I'm sure you're aware that the number of foreclosures
around the country is at a high, some say at an all-time
high. And a phrase that's new to most people, "subprime
loans," is popping up all over the news.
Subprime
loans are loans made to people who do not have good
credit; the banking industry likes to refer to them
as people with "impaired" credit. When lenders make
loans to impaired credit home buyers they do so at
a much higher interest rate than to those with good
credit histories. And, when the impaired credit homeowners
lose their jobs, have their work hours cut back or
face emergencies, such as health problems or a disability,
they cannot make their high-interest monthly mortgage
payments.
Within
the subprime borrowers group, the hardest hit are
those with adjustable-rate mortgages. Thousands of
these mortgages will be reset throughout this year
and next and, of course, at rates higher than when
they were taken out initially.
The
good news is that just recently several key players
in the mortgage world have offered to help homeowners
refinance and get out of their high-rate subprime
mortgages.
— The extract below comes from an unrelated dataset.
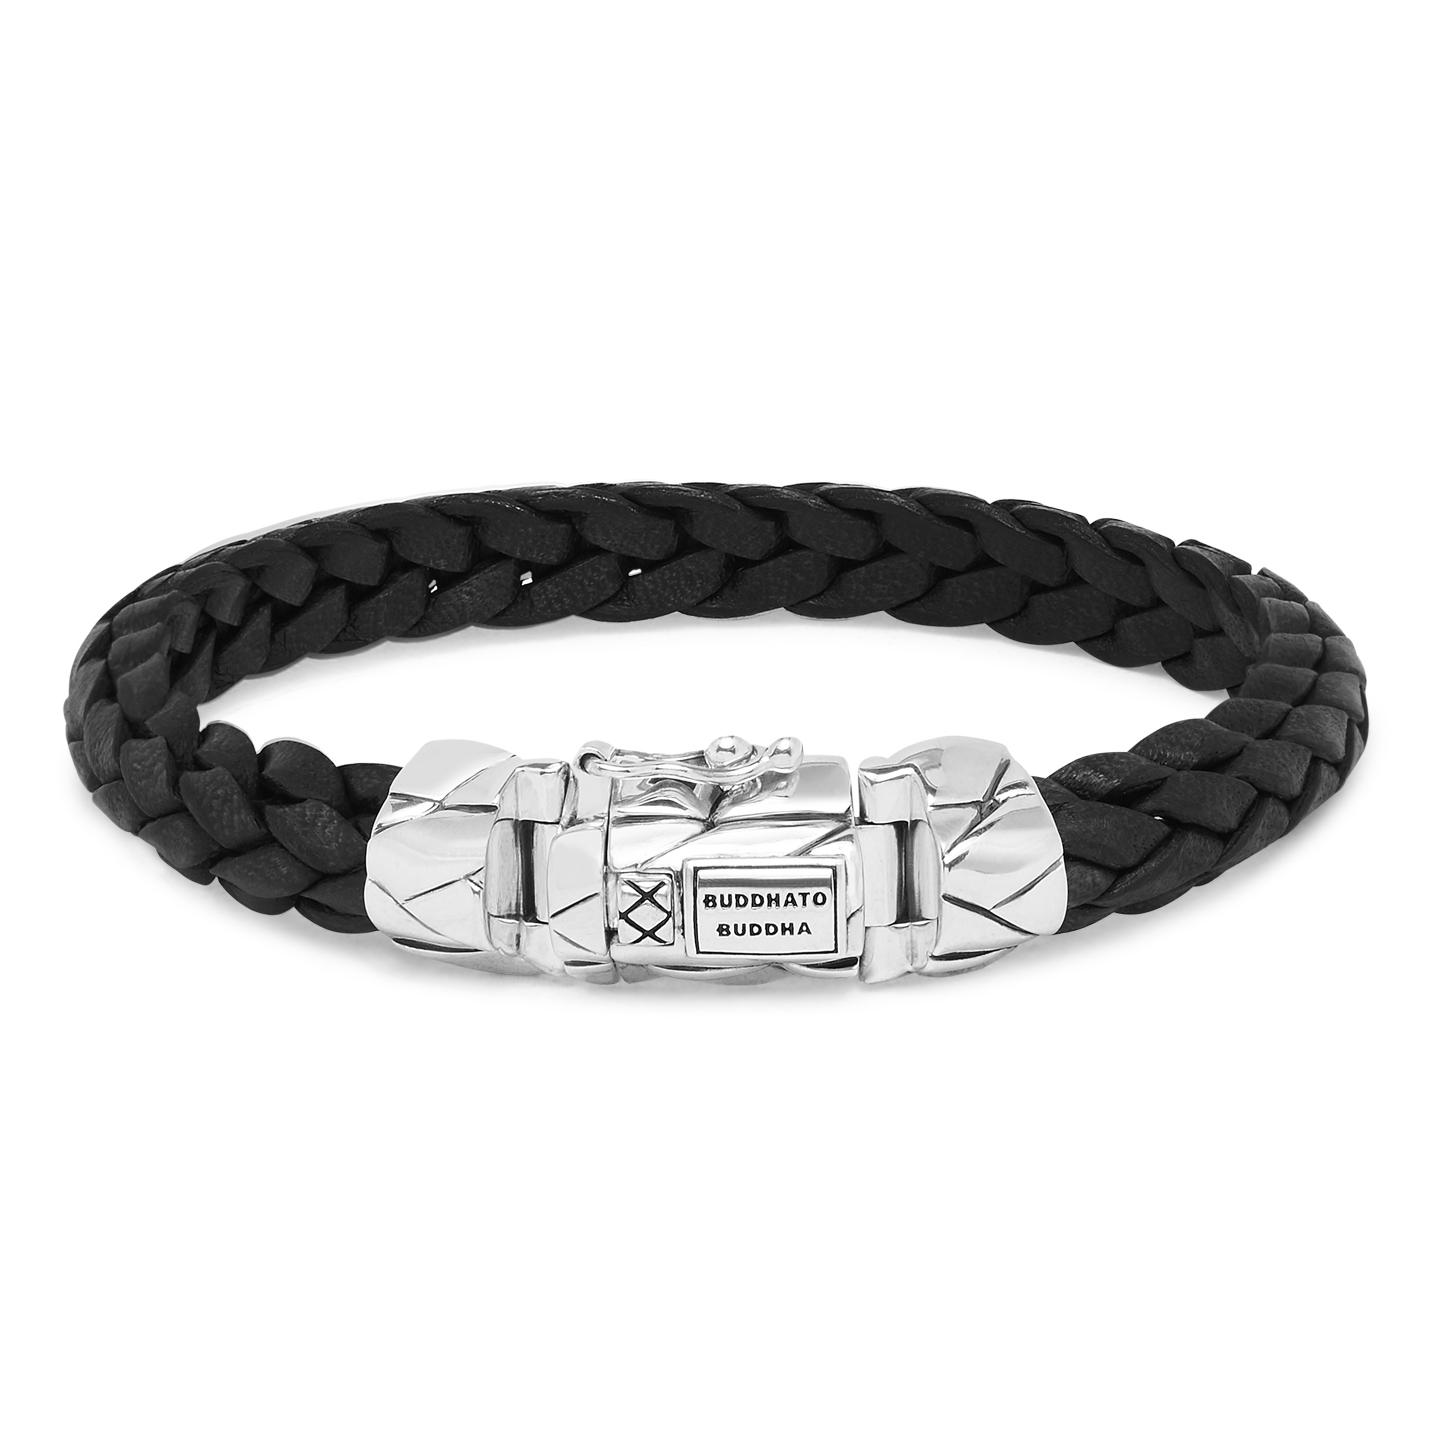 Buddha to Buddha 126BL Armband Mangky Small leder zwart (E) 19 cm

Freddie Mac has pledged $20 billion to
buy loans from lenders who agree to refinance subprime
borrowers with more affordable mortgages. Washington
Mutual said it would refinance up to $2 billion in
subprime loans into fixed rate loans.
This
news has also boosted the stock market.
In
terms of your own portfolio, I suggest you read two
previous columns on the topic: "Selecting My Own Stocks."
Click HERE,
and "Sectors & Industries." Click HERE.
Good
luck!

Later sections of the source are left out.